Variation in stem bark conductance to water vapor in Neotropical plant species

Bark conductance to water vapor (gbark) is an important determinant of drought tolerance in tropical plants. Examining species differences in bark conductance can provide useful information about the resilience of tropical trees to ongoing climate change. Values of gbark are positively related to stem photosynthetic rate in desert species, showing that increased stem photosynthesis capacity is associated with increased bark conductance to water vapor. We determined whether stem morphometric traits, bioclimatic variables (e.g., temperature and precipitation), and shared evolutionary history help explain variation in gbark among tropical plant species. We surveyed 94 species (90 trees and 4 liana species) from lowland and mid-elevation forests in Panama and estimated gbark, stem diameter, specific stem area, bark thickness, sapwood area, and bark and wood density.

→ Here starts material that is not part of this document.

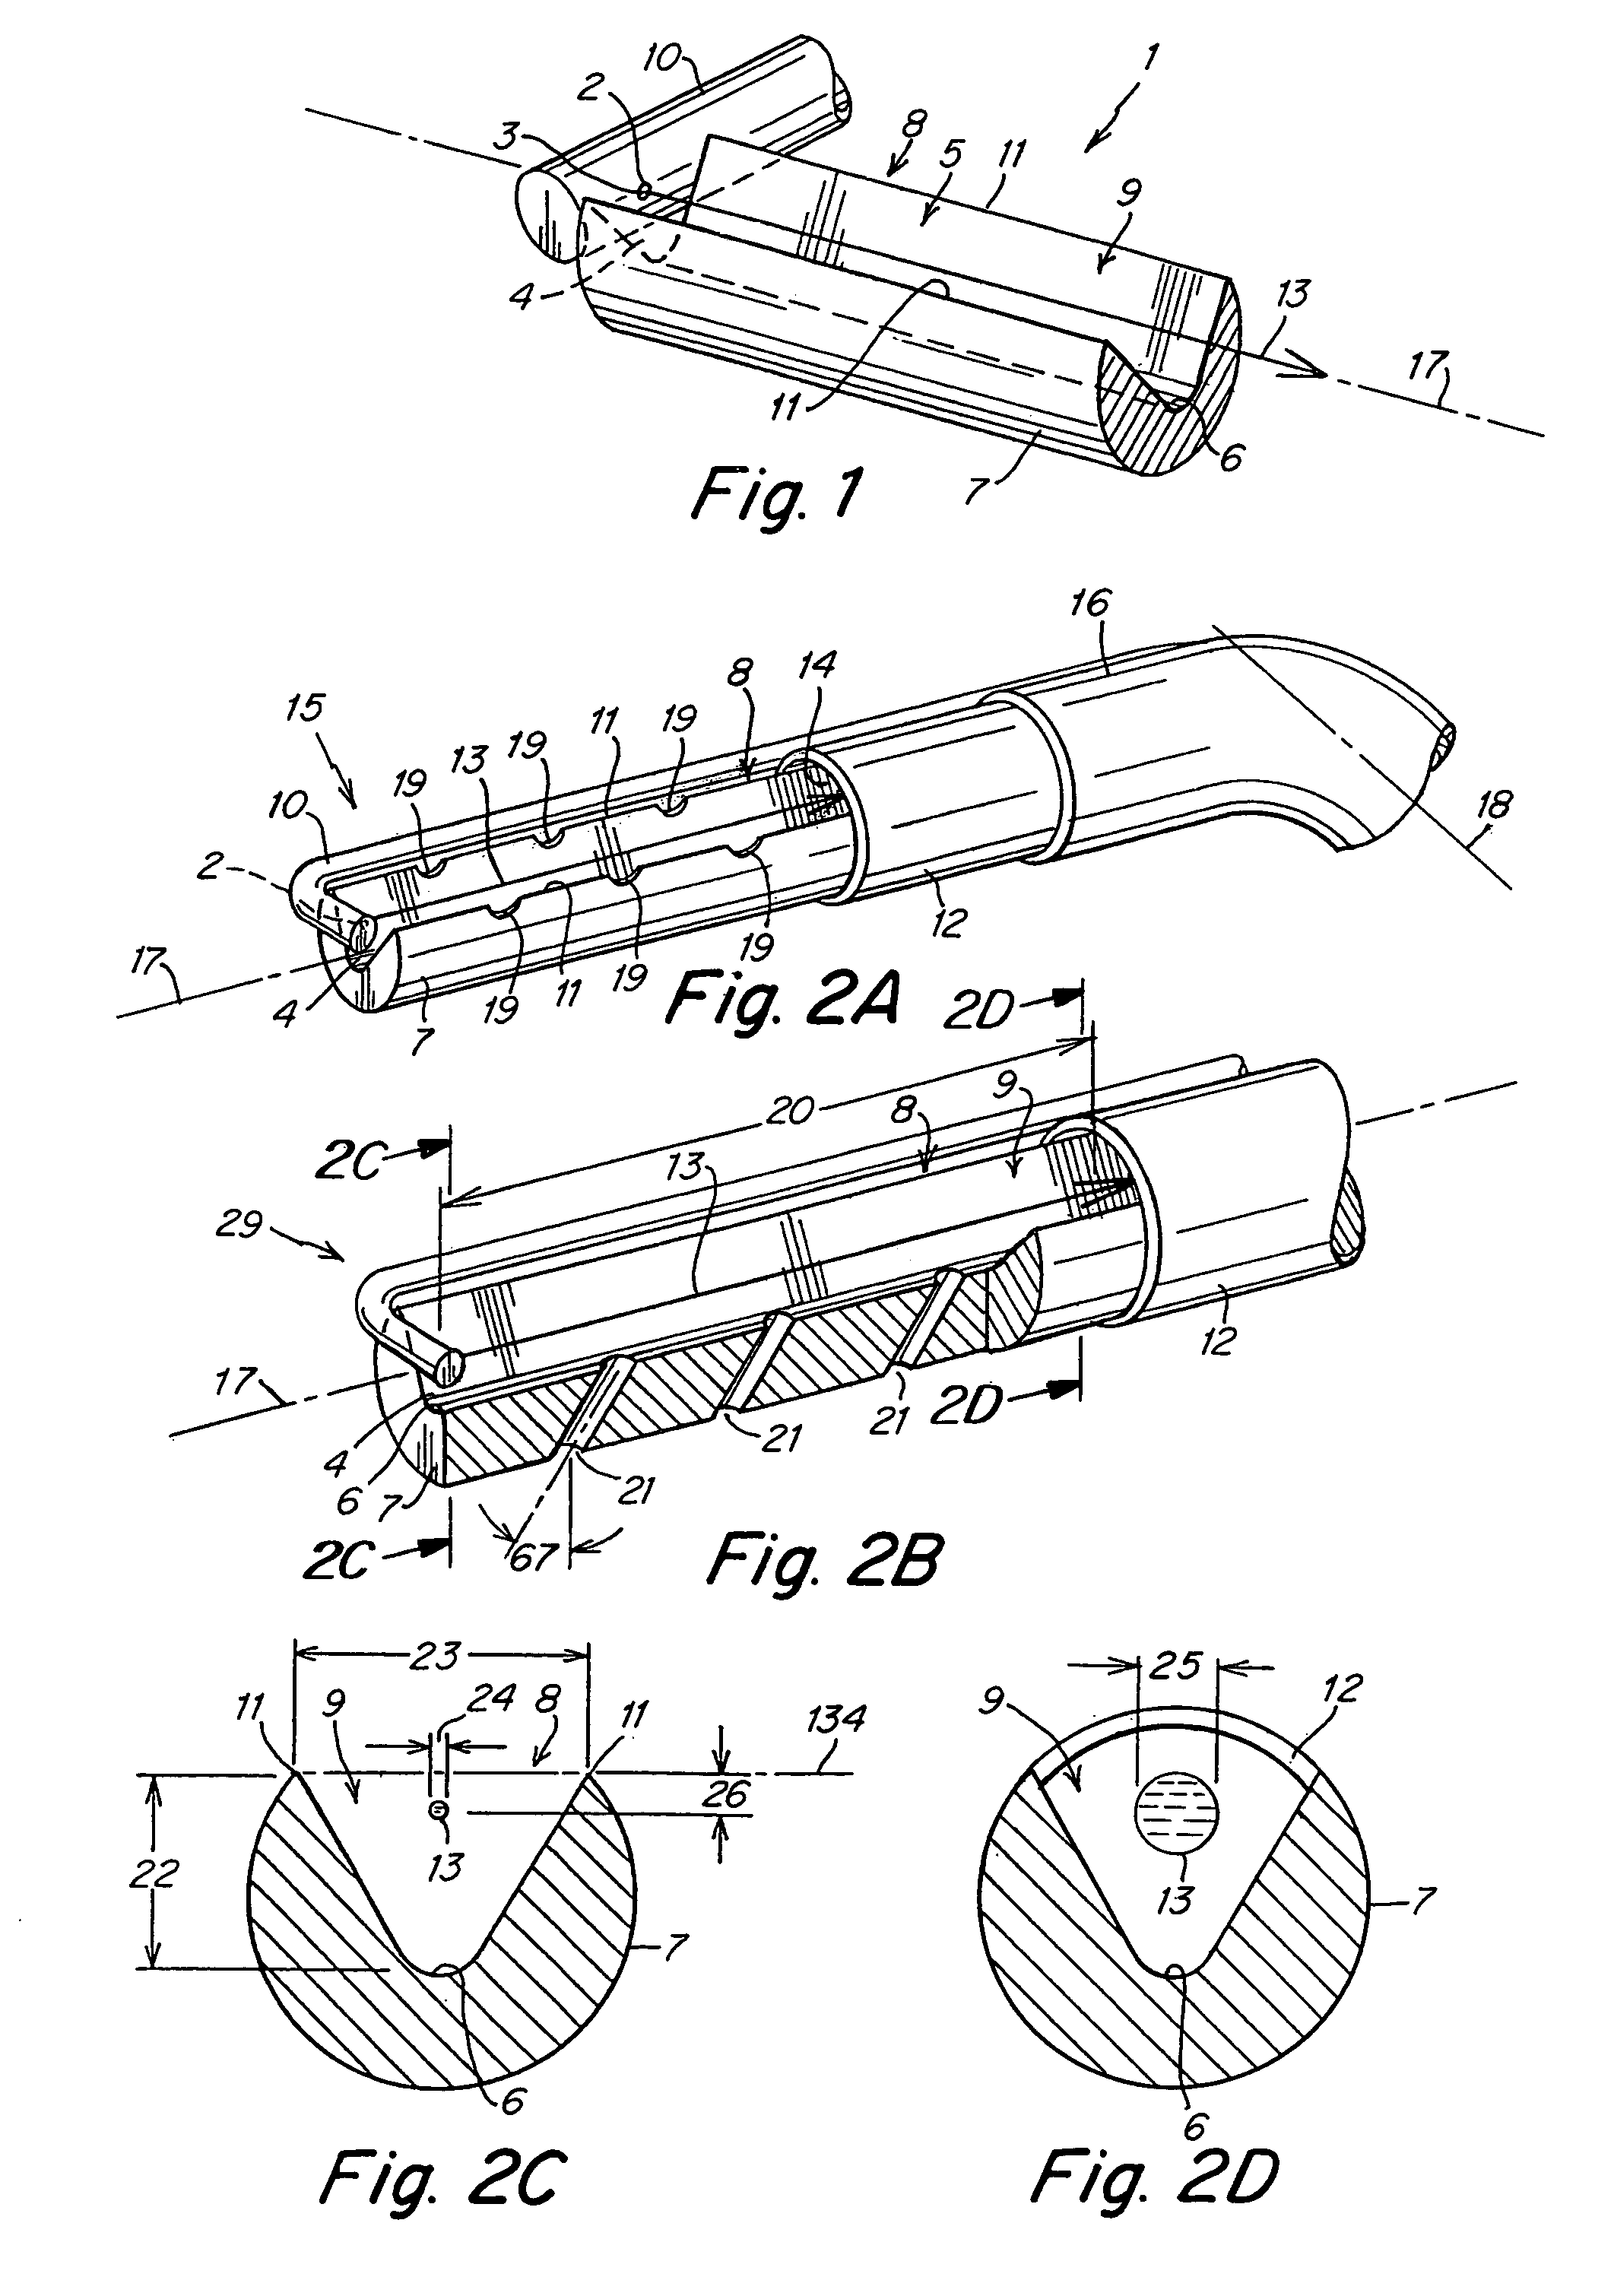 Liquid jet surgical instruments incorporating channel openings aligned along the jet beam

Climate data were extracted from CHELSA 2.1 and Instituto de Meteorología e Hidrología de Panamá. Phylogenetic signal was estimated using Blomberg’s K statistic and Pagel’s λ. Bark conductance decreased with an increase in bark thickness and relative bark thickness, and was positively related to mean annual precipitation and mean annual temperature. We also determined the temperature response of gbark of six plant species (five trees and one liana) from a lowland forest. In all six species, gbark decreased as air temperature increased from 20 to 50°C. There was a significant phylogenetic signal in gbark, with closely related species resembling each other more than distantly related species. We conclude that interspecific differences in gbark of Neotropical tree species depend on all three factors studied: stem morphometry, climate, and evolutionary history.